* **What is required**
Give back all of the data exactly, with every picture omitted.
═══ Source material ═══
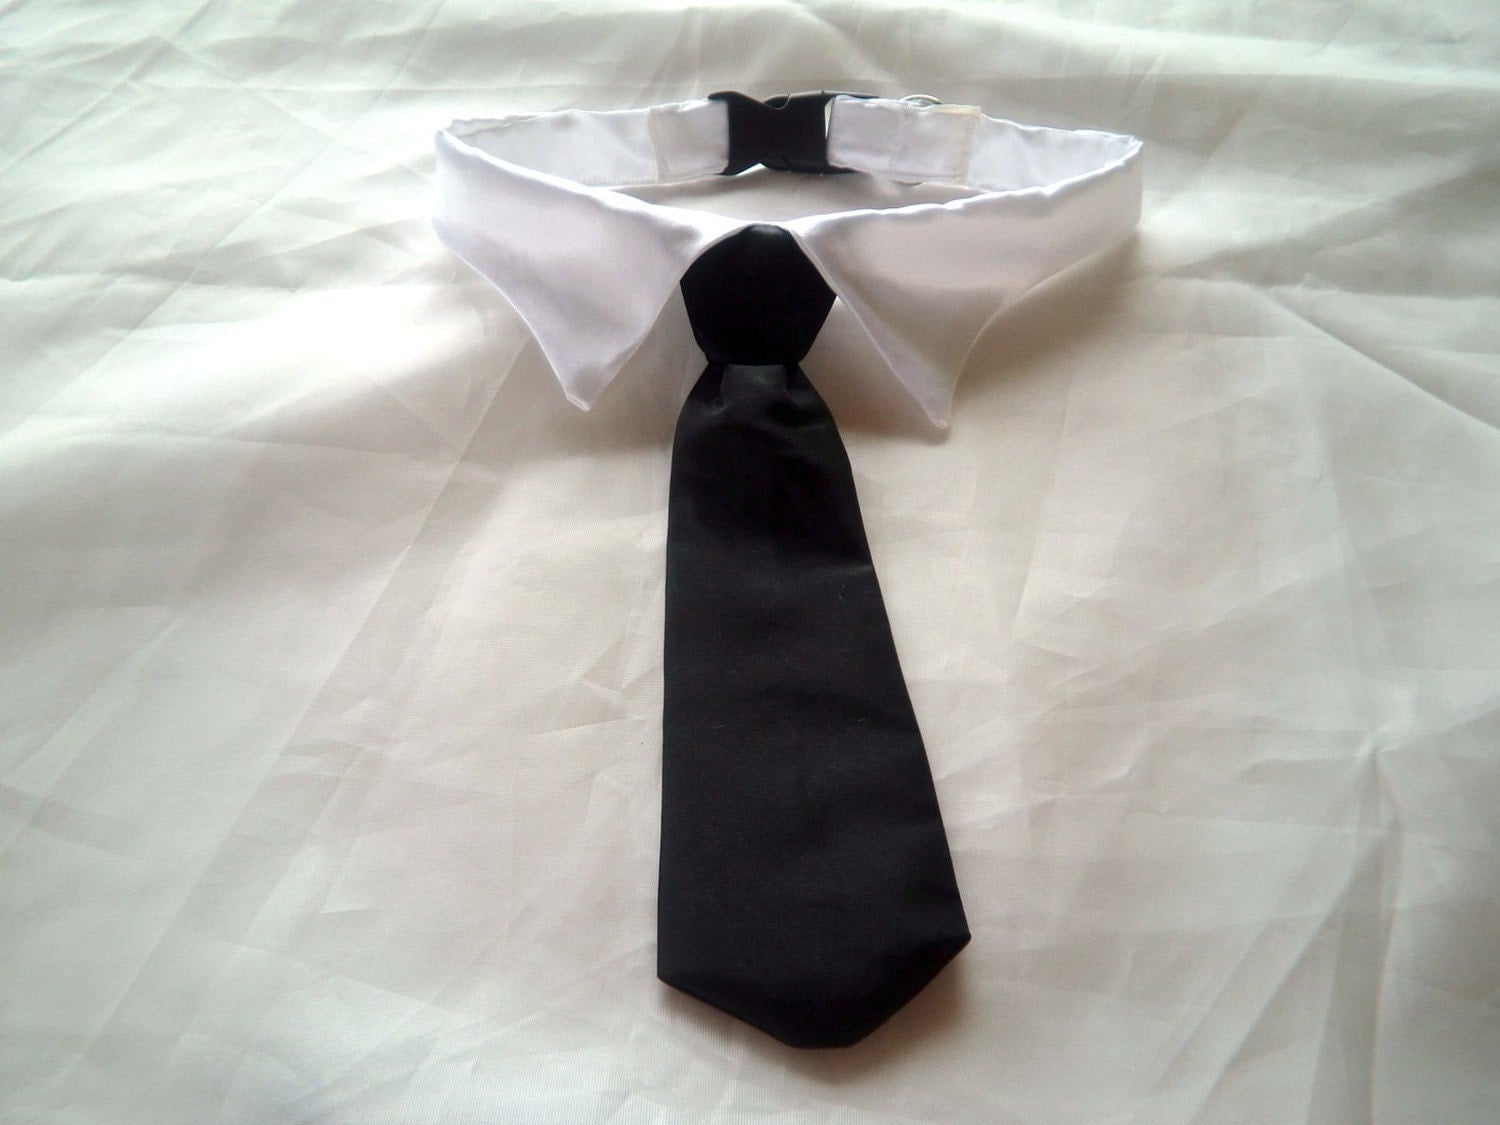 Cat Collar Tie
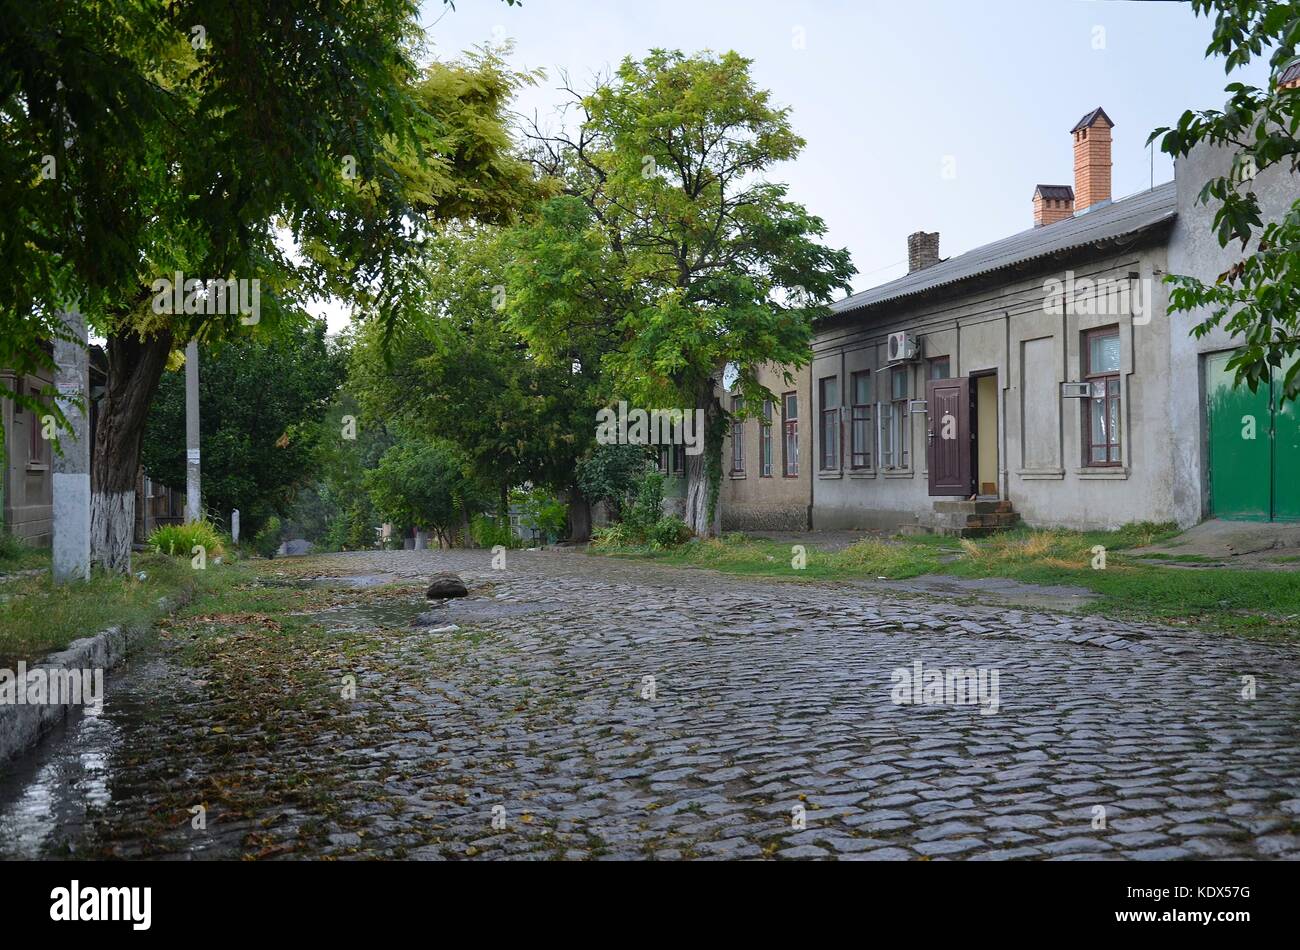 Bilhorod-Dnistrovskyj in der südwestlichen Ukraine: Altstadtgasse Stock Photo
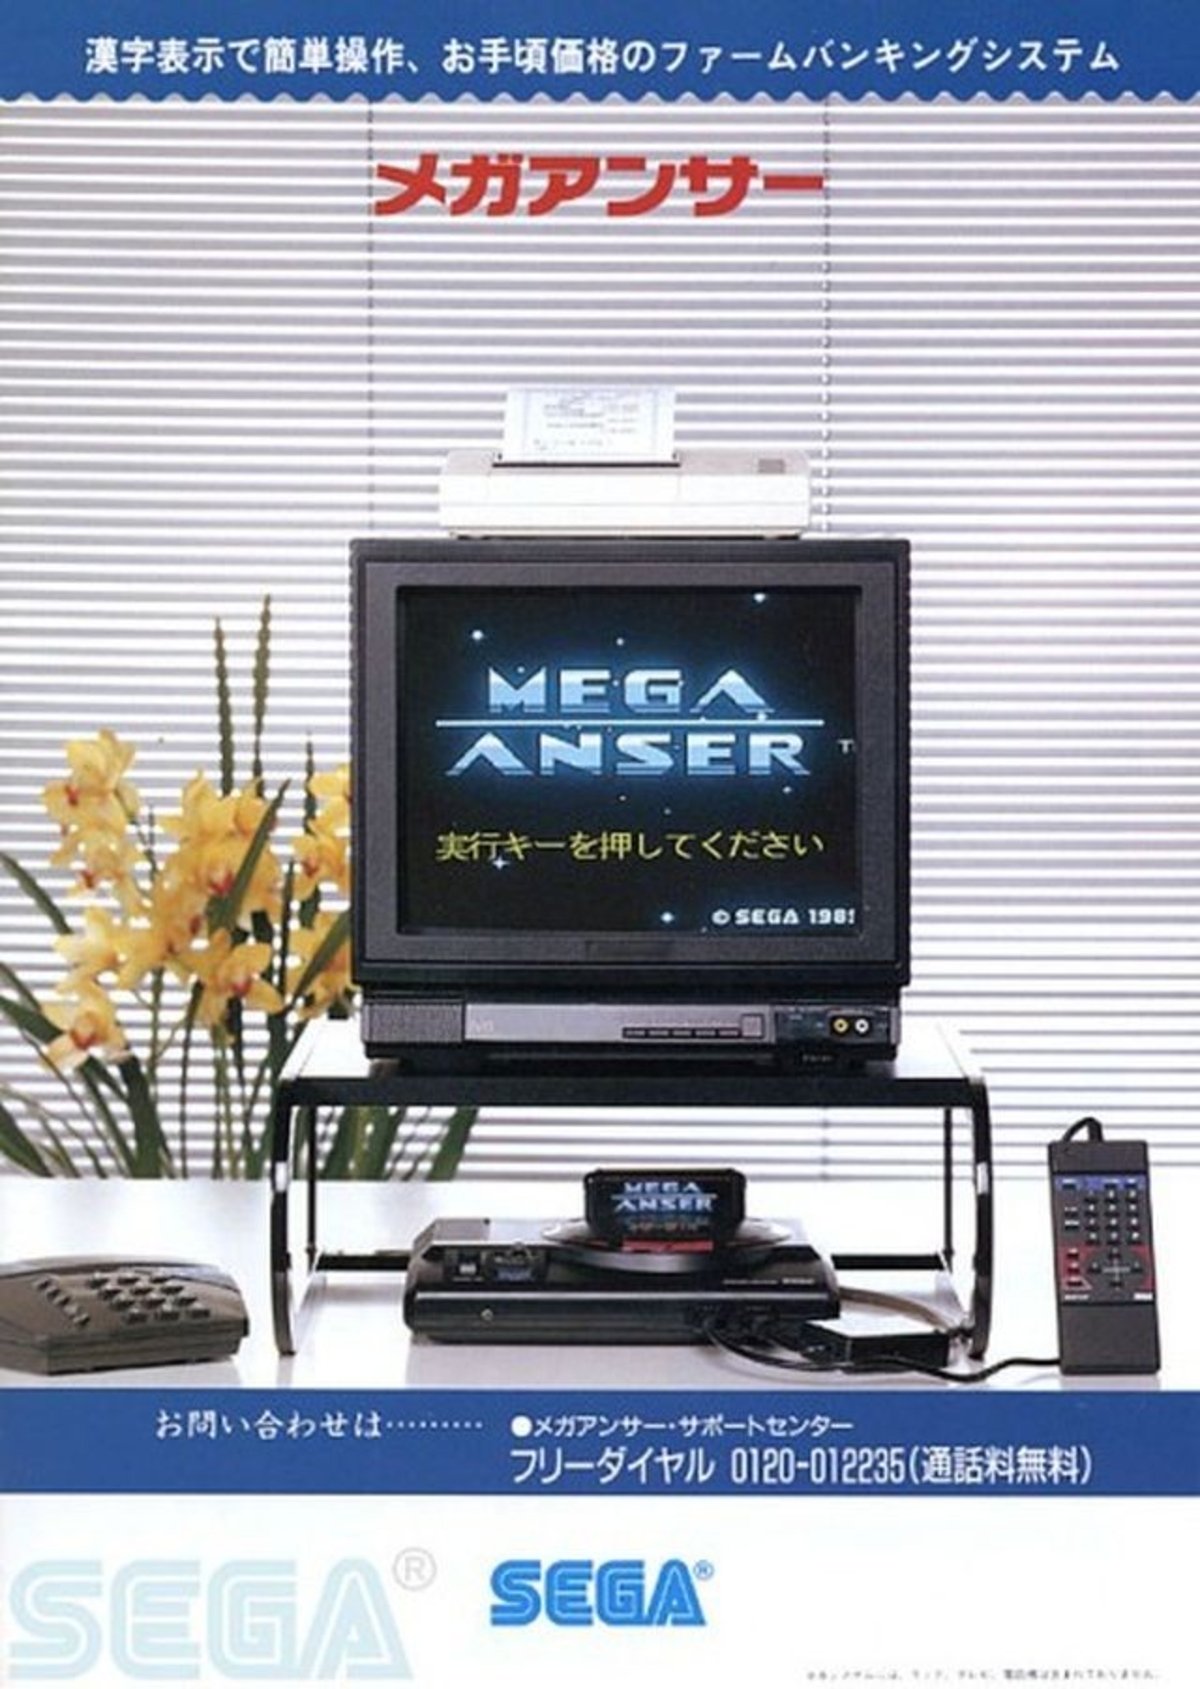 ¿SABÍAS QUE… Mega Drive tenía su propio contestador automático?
═══
* **Exercise output**
 Cat Collar Tie
 Bilhorod-Dnistrovskyj in der südwestlichen Ukraine: Altstadtgasse Stock Photo
 ¿SABÍAS QUE… Mega Drive tenía su propio contestador automático?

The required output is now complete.